Okay, nitty-gritty time! Here’s how the CPM sausage is made:
There’s a CPM for each survey cycle of ~163 days. The CPM for any given cycle is created by taking a rolling average, where 5/6 of the new CPM is just the previous CPM and 1/6 is calculated using the fresh survey data. This 1/6 of the CPM is called the Instantaneous-CPM (ICPM). Thus if the old CPM was 36 and the fresh ICPM is 72, then the new CPM is 36×5/6 + 72×1/6 = 30 + 12 = 42.
Weights provided by survey participants are averaged. Thus if I put 18 points on “Crime Reduction,” 6 on “Happiness,” and 12 on “Technology Development,” and you put all 36 on “Happiness,” then our average weights would be 9 on crime, 21 on happiness, and 6 on technology.
The goal categories that citizens assign weights to are a scarce common good, so (like what policies are considered by government) are chosen by a two-track system. Half of the categories are chosen according to a signature priority queue with a small buffer to prevent jostling (i.e. the chosen categories are treated as having %117 of the votes they actually have). The other half of the categories are selected by a tax-donation priority queue, where citizen coalitions and special-interests can pour as much money into their desired categories as they want (with the same buffer). The number of options on the citizen’s priority survey is chosen by the futarchy.
For example, let’s say that there are 4 spots on the survey: 2 from signatures/votes and 2 from donations/bids. (I’ll use “vote” and “bid” because they’re shorter words.) Citizens have voted on “Self-reported Happiness” (5k votes), “Healthy Ecosystems” (3k votes), and a long-tail of other priorities like “Less Pollution” (1k votes). If people wanted “Less Pollution” to show up on the survey, it’d need 3.5k votes (i.e. 2.5k more votes) to beat “Healthy Ecosystems” (assuming “Healthy Ecosystems” didn’t get any additional votes in the meantime). Meanwhile, citizens have bid for “Wealth” ($79k), “Simple Laws” ($55k), “Technology Development” ($60k), and many others, each with smaller total bids. Despite “Technology Development” having a higher total bid than “Simple Laws,” it hasn’t yet jostled out the #2 spot because of the buffer. Once “Technology Development” gets an additional $5k it’ll become #2, and need $76k to be ousted.
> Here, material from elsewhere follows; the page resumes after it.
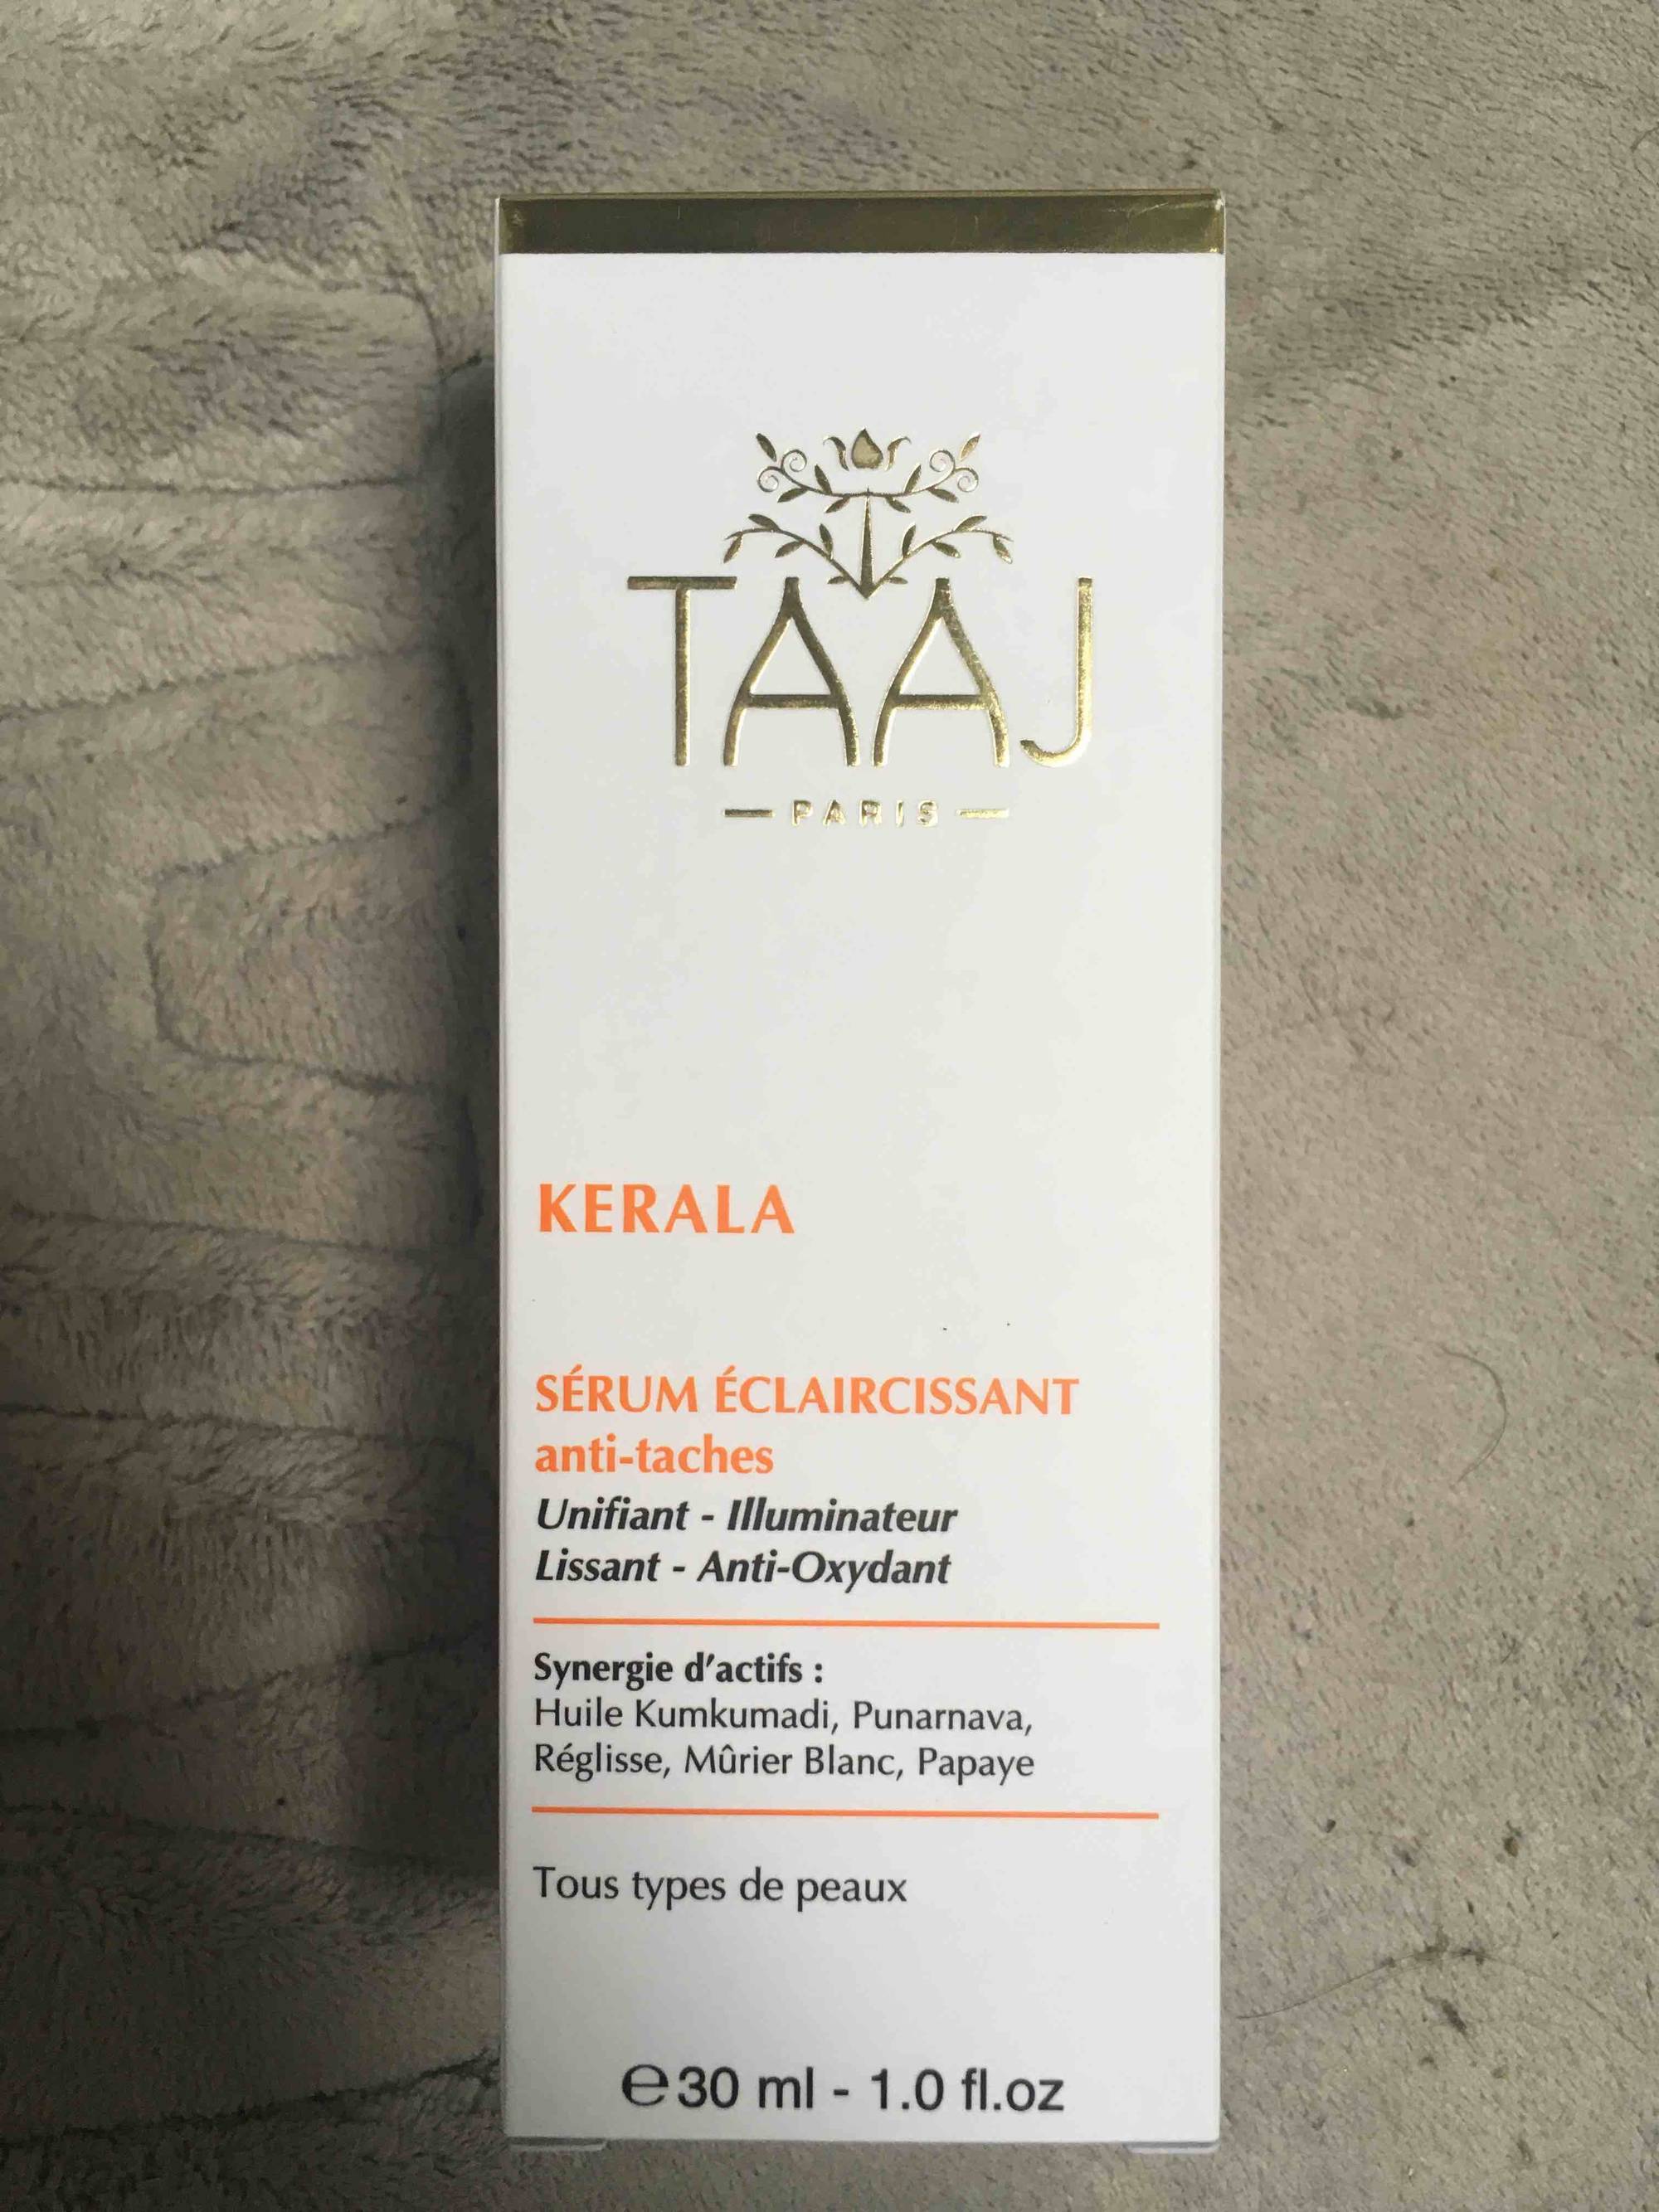 TAAJ - Kerala - Sérum éclaircissant anti-tâches

Each goal category (and ultimately the ICPM) is measured by an aggregation of Specific Goal Metrics (SGMs), that come from a wide range of institutions. Basically, if an institution (e.g. the World Bank) has been publishing a metric (e.g. GDP/capita) for at least 16 years, it’s fair game to be chosen as an SGM. When a metric is chosen to be an SGM, the institution that produces the metric must agree to continue to measure things in a fair and impartial way, refusing to distort the metric based on political pressure. Corruption of metric evaluation is a very serious crime, resulting in steep prison time for both the corrupters and those in the corrupted institution.
Each goal category can be based on up to 12 SGMs: 6 chosen by signatures and 6 chosen by donations, like goal categories themselves. An SGM may be used for multiple categories, or even be selected by both donations and signatures within a single category, but signatures/donations don’t cary over between categories. For instance, the World Bank’s GDP/capita measure could be an SGM that’s used in the category of “Wealth,” selected both by bids and votes, but also in the category of “Technological Development” as selected by bids. Money donated to the government to bid up its importance to “Technological Development” doesn’t impact its standing in “Wealth.”
Astute readers will notice that even with the weights given by the survey takers, there’s still a huge obstacle to overcome before we get to ICPM: SGMs produce arbitrary real numbers, some of which are high-quality, and some of which suck. In their raw state, these are entirely unsuited to be averaged or whatnot. For example, let’s say I have two categories: Wealth and Happiness. Wealth is has two SGMs: GDP/capita and number of movies released to theaters in the last year. Happiness has one SGM: average reported happiness on a 0-6 scale. Furthermore, let’s say that the citizenship collectively weights Happiness as twice as important as Wealth. It would be crazy to have the ICPM be equal to 2×(avg reported happiness) + 0.5×(GDP/capita) + 0.5×(movies in the last year). Even with the 2× multiplier, the happiness score would be immediately drowned out by the wealth metrics, and on top of that the wealth metrics are decidedly not equal in how well they measure wealth (or how robust they are to being artificially manipulated).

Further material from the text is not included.